### Data section
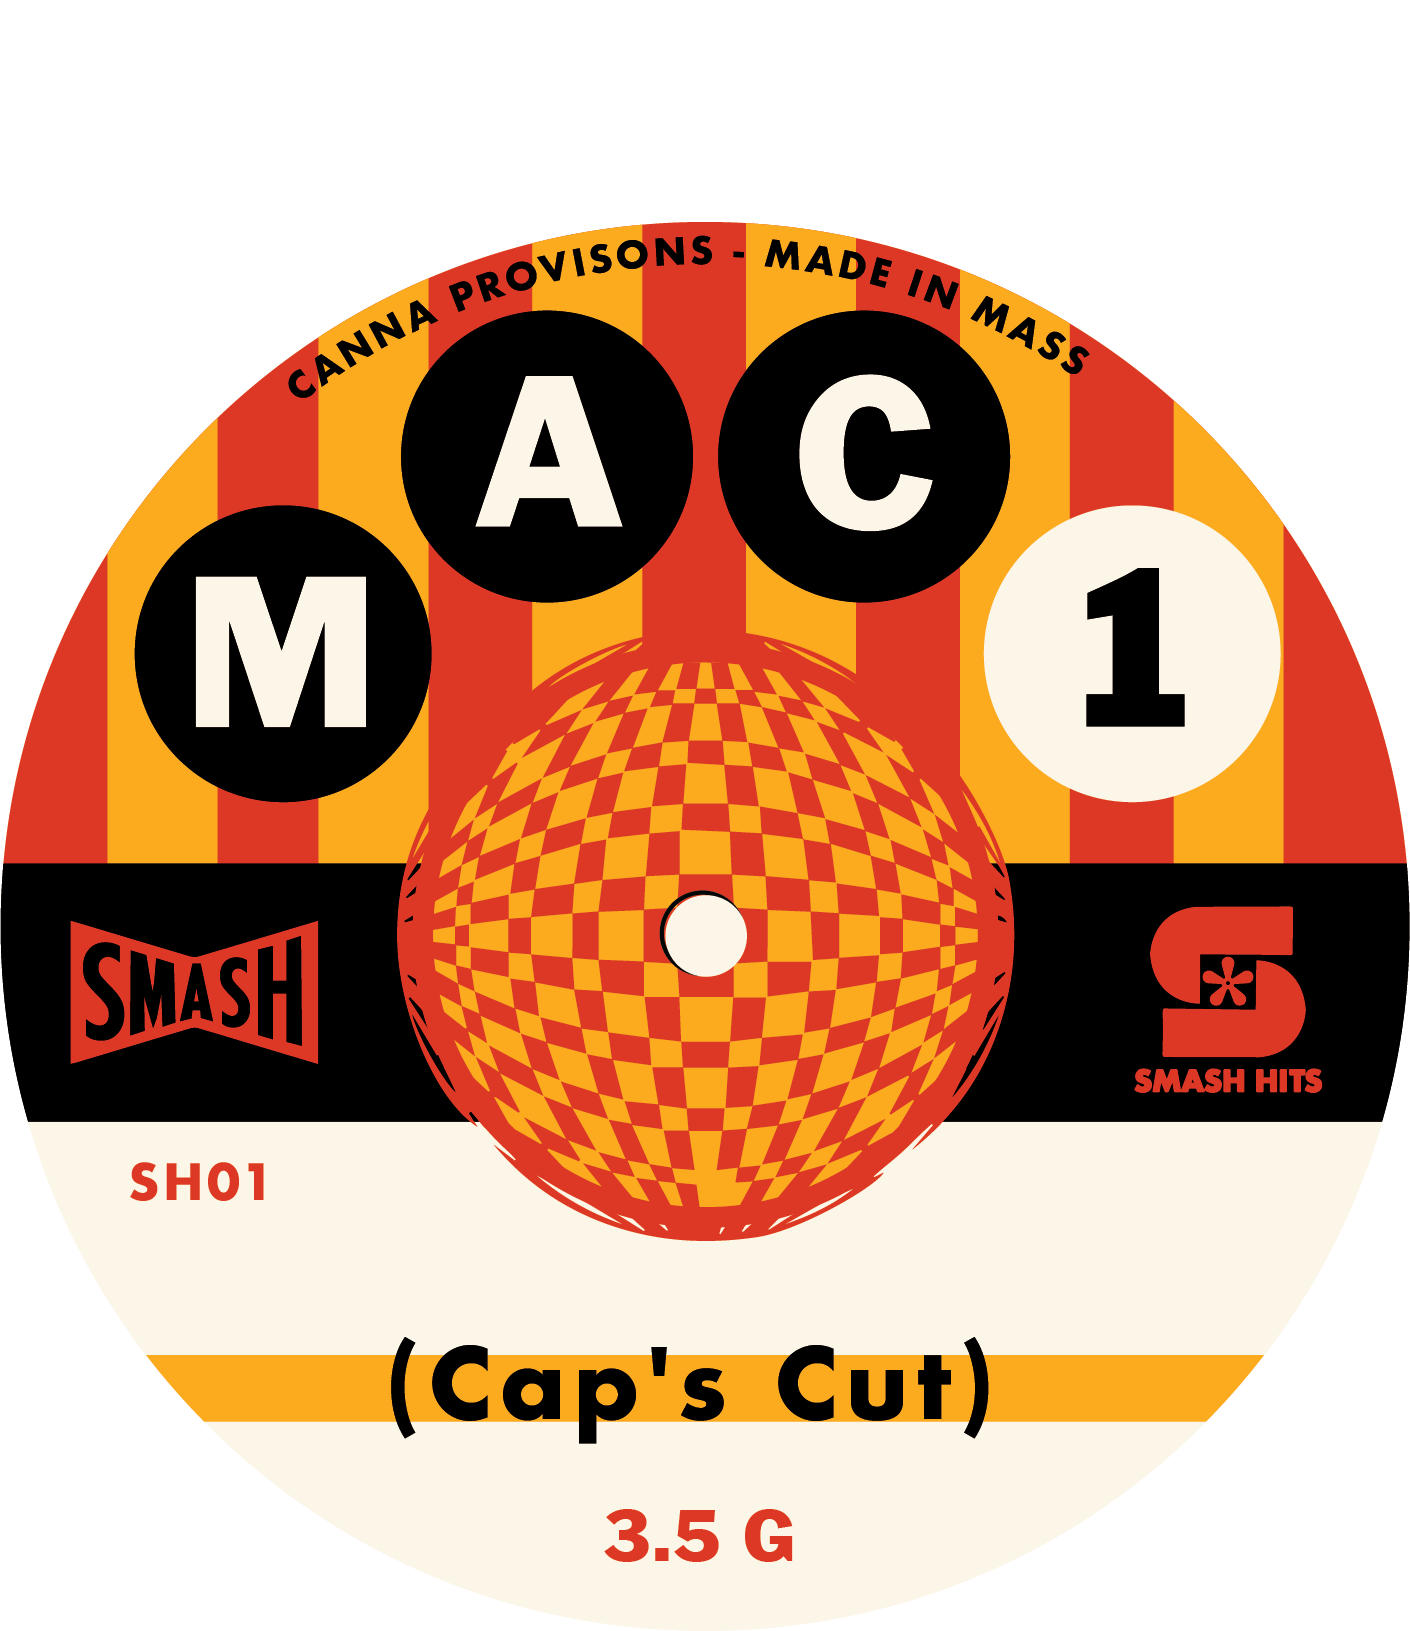 MAC 1 CAP's smash hits chemdog canna provisions
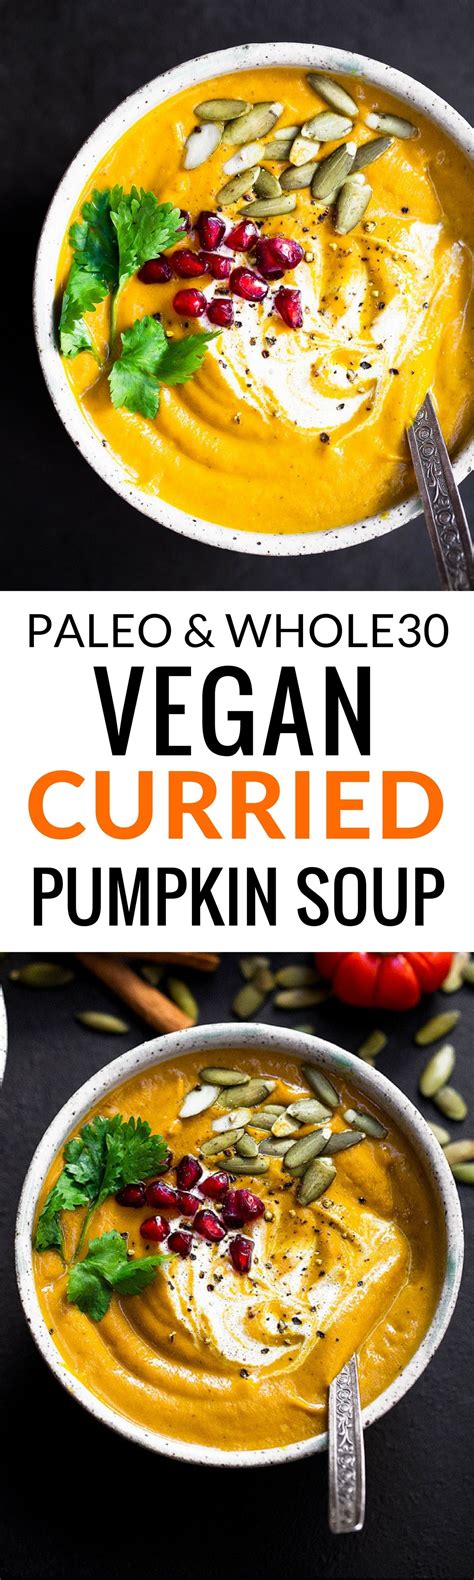 Easy Vegan Pumpkin Soup Recipe Pumpkin Soup Vegan
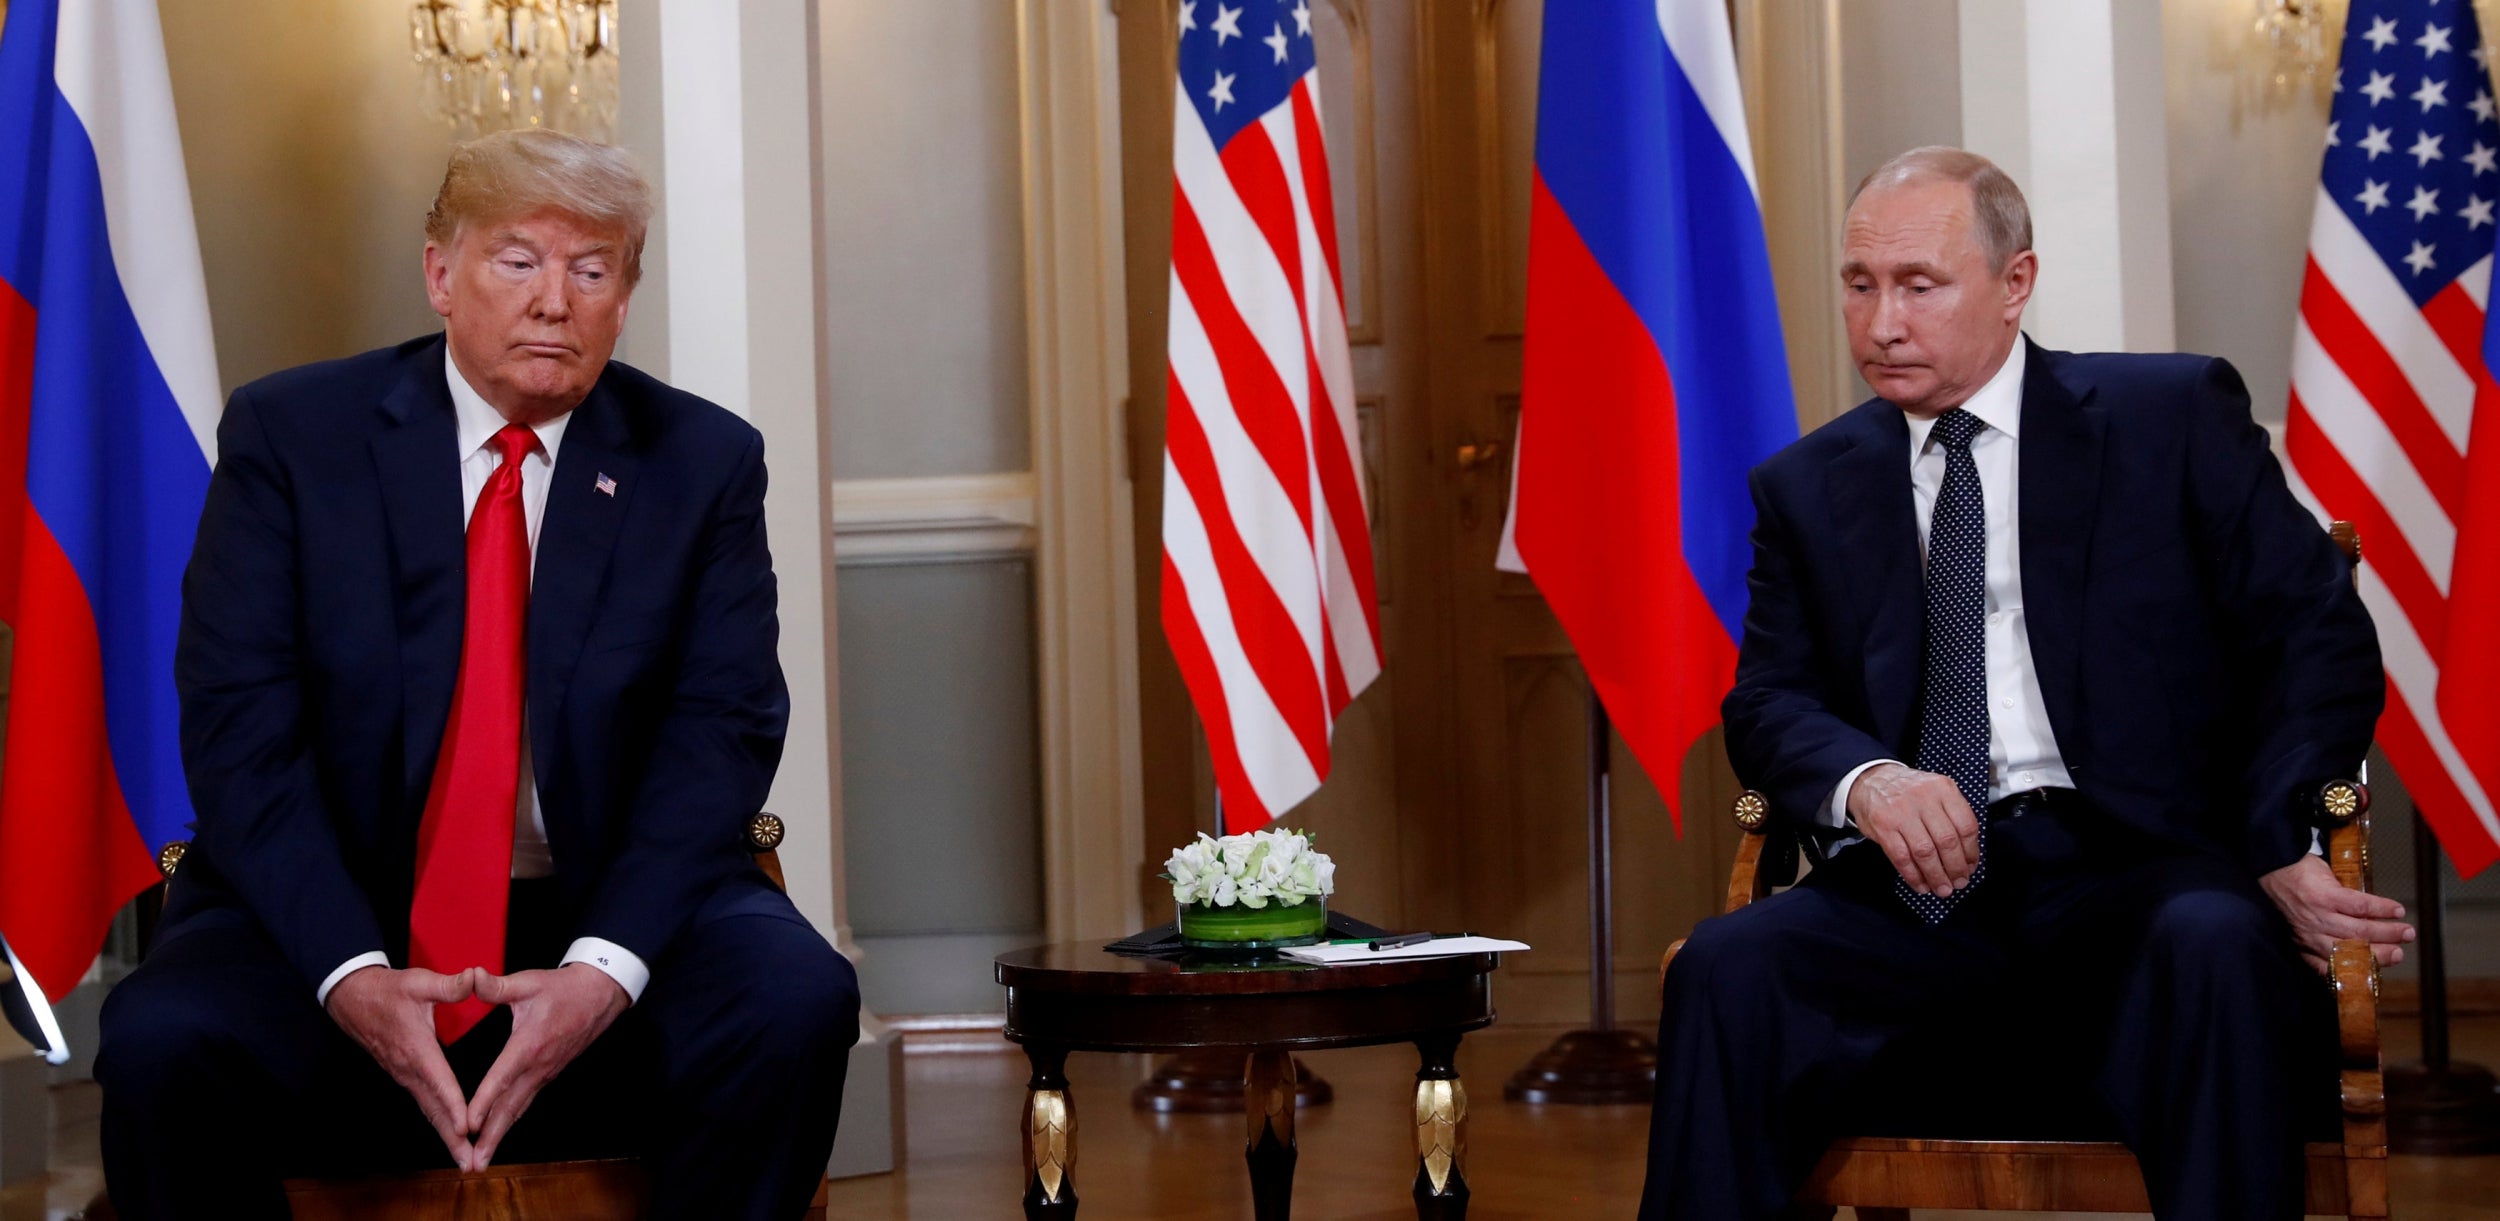 Donald Trump and Vladimir Putin at a summit in Helsinki in 2018

### Instructions for the task
Please reproduce the lines above from the one containing "Easy Vegan Pumpkin" through the final line, exactly and inclusively, leaving out each picture.

### Completed task
 Easy Vegan Pumpkin Soup Recipe Pumpkin Soup Vegan
 Donald Trump and Vladimir Putin at a summit in Helsinki in 2018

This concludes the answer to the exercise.